I reached the door and pushed to no avail. I turned and listened and heard a crashing and rumbling pouring up the tunnel towards me. I examined the door, my heart racing, and found a handle. I turned it. The door opened and I was out. I was safe. I stumbled into the forest and collapsed.

The cacocophony came to a crescendo and then the grimy glade was filled with silence. A little dust drifted out of the doorway. It was dusk. I lay there exhausted. I wanted to fall asleep but I forced myself to get up and retrace my steps. Eventually I found Mrs T's vehicle, stretched out on the back seat and fell asleep.

I woke in a cloud of mosquitoes and covered in bites, it was Nine O Clock. I was starving. I started Mrs T's ridiculous car and, with some difficulty, lurched off down the track.

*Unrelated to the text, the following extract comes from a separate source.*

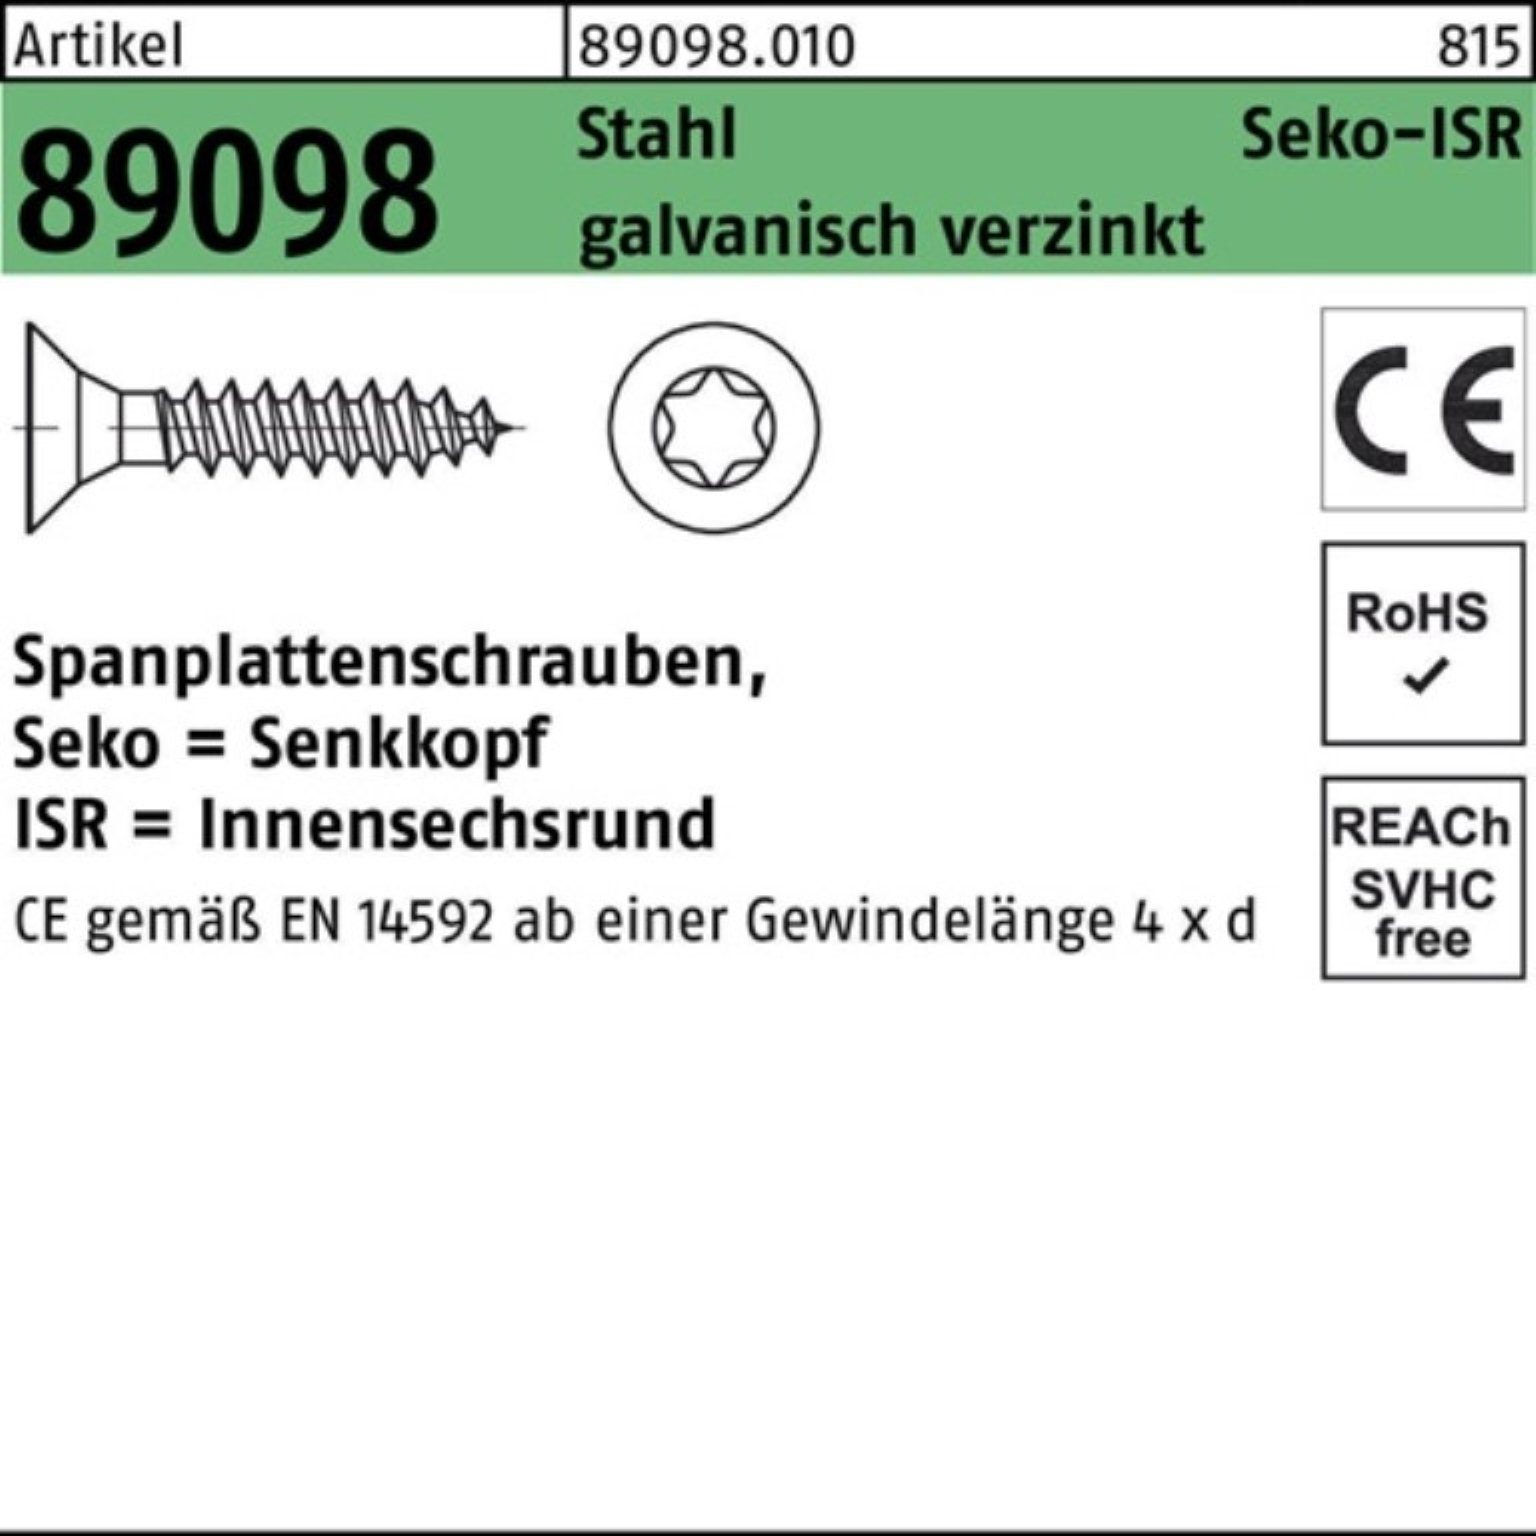 Stahl 89098 gal 4x20-T20 Reyher Spanplattenschraube SEKO ISR 1000er VG Pack R Spanplattenschraube

The funny thing was that when I got out to open the gate I still experienced the same fear of being stranded, even though there was nobody else in the car.

I parked in an unkempt cul-de-sac in the dreary outskirts of my town and methodically cleaned away all evidence of my presence.

I never heard anything more about the whole sorry episode. The only repercussions so far have been an unusually high dry cleaning bill, one ruined pair of suede shoes and the fact that Mrs T (who somehow extracted herself from the mine after all) snubbed me at Woolworths last week.